小学校就学の始期に達するまでの子を養育する労働者が請求した場合においては、深夜労働(22時~翌5時の労働)を行わせることができません。

短時間勤務制度

3歳に満たない子を養育する労働者であって育児休業をしていない者について、1日の所定労働時間を原則として6時間とする短縮措置(一定の要件に該当するため短縮措置の対象外となる労働者については代替措置)を講じなければなりません。

代替措置を講じる場合は、つぎのいずれかの措置を講じる義務があります。

  • 育児休業に関する制度に準ずる措置
  • フレックスタイムの制度
  • 始業又は終業の時刻を繰り上げ又は繰り下げる制度(時差出勤の制度)
  • 労働者の養育する子に係る保育施設の設置運営その他これに準ずる便宜の供与

法律で努力義務とされている就業措置の内容と期間

育児休業、所定外労働の制限、短時間勤務

育児休業、所定外労働の制限、短時間勤務は一定の年齢に達するまでは義務となりますが、義務期間を経過した後から小学校就学始期までの期間はこれらに準ずる制度を導入することが努力義務とされています。

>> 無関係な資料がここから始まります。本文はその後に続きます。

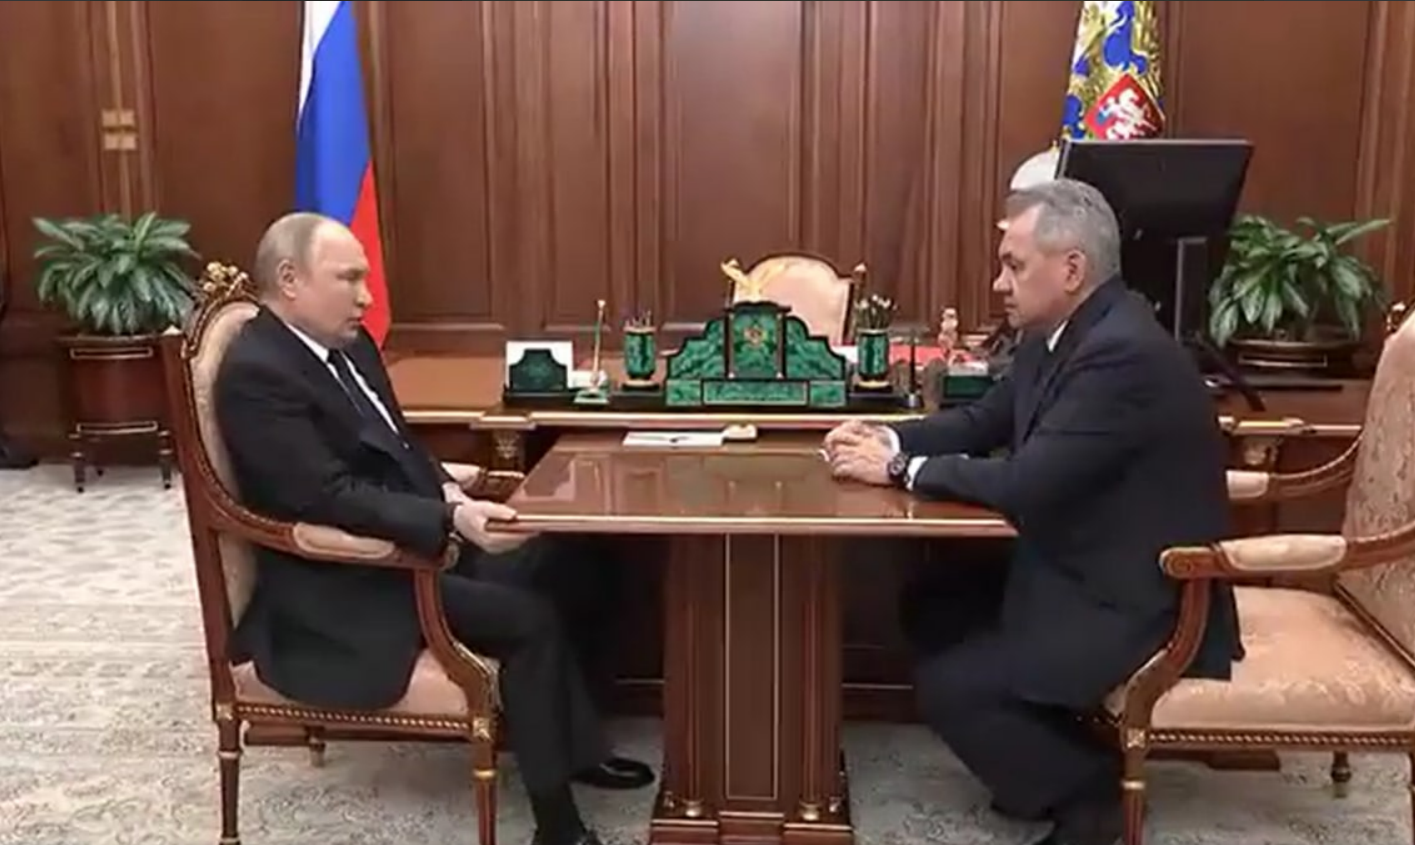 “Putyin nem engedi, hogy ukrán nácik, banderites (ukr. Бандерівці) és kábítószer-függők lefoglalják az asztalát”: az orosz elnök Sojguval folytatott találkozója alkalom volt a mémekre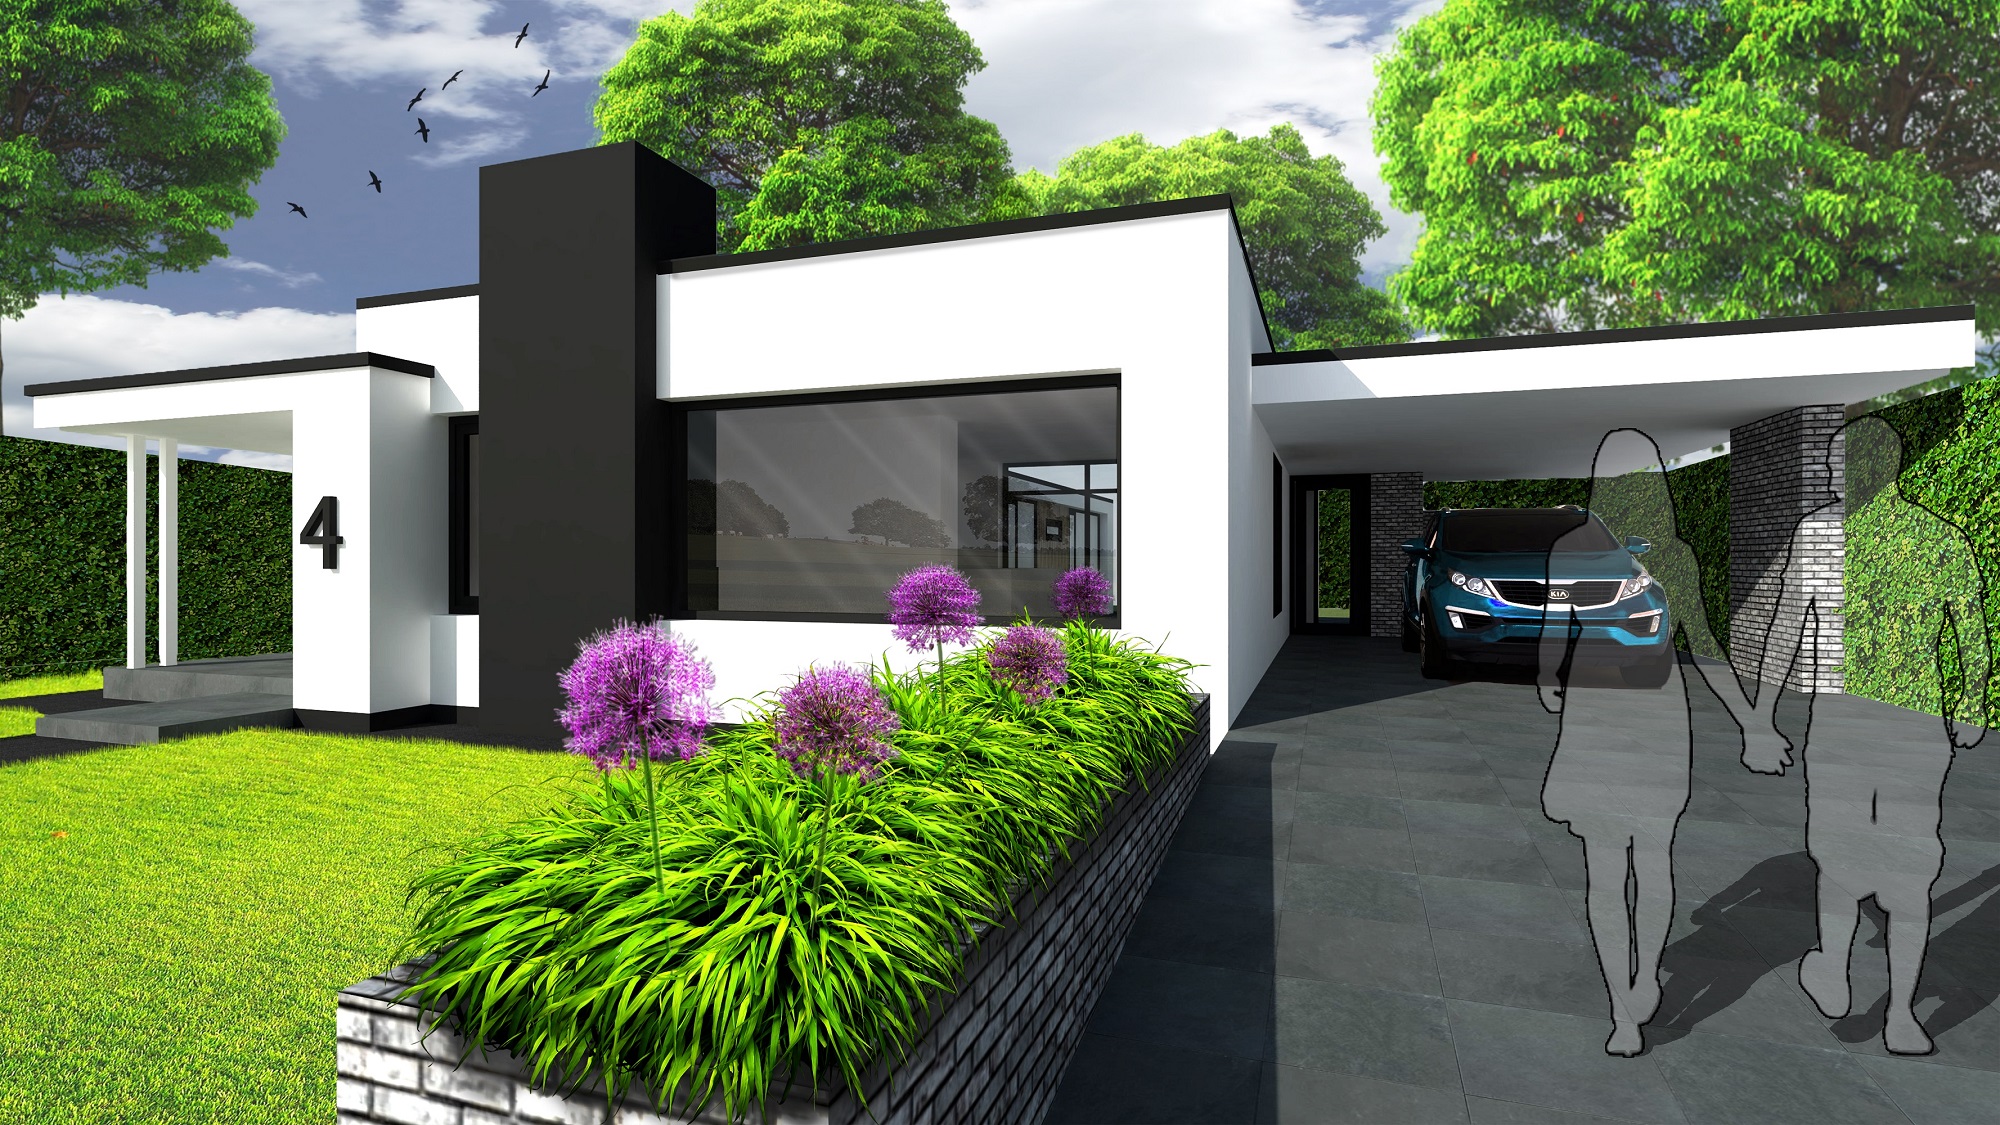 Atelier-007-moderne-woning-modern-house-wit-glas-licht-zicht_WWW-FRONT

1歳(1歳6カ月又は2歳)を超えて利用できる育児休業を導入した場合、子が3歳に達するまでの育児休業については、保育所に入れない等の延長事由があるかどうかにかかわらず社会保険料の免除を受けることができます。

子が3歳に達した以降(小学校就学始期まで)の育児休業については、社会保険料の免除の対象となりません。

始業時刻変更等の措置

会社は、小学校就学の始期に達するまでの子を養育する労働者に関して、始業時刻変更等の措置を講じることが努力義務とされています。

始業時刻変更等の措置とは、次のいずれかの措置をいいます。

  • フレックスタイムの制度
  • 始業又は終業の時刻を繰り上げ又は繰り下げる制度(時差出勤の制度)
  • 労働者の養育する子に係る保育施設の設置運営その他これに準ずる便宜の供与

これらの措置を講じることは原則として努力義務にとどまりますが、前述の短時間勤務制度の代替措置を講じる必要がある場合は、措置を講じることが義務であることに留意してください。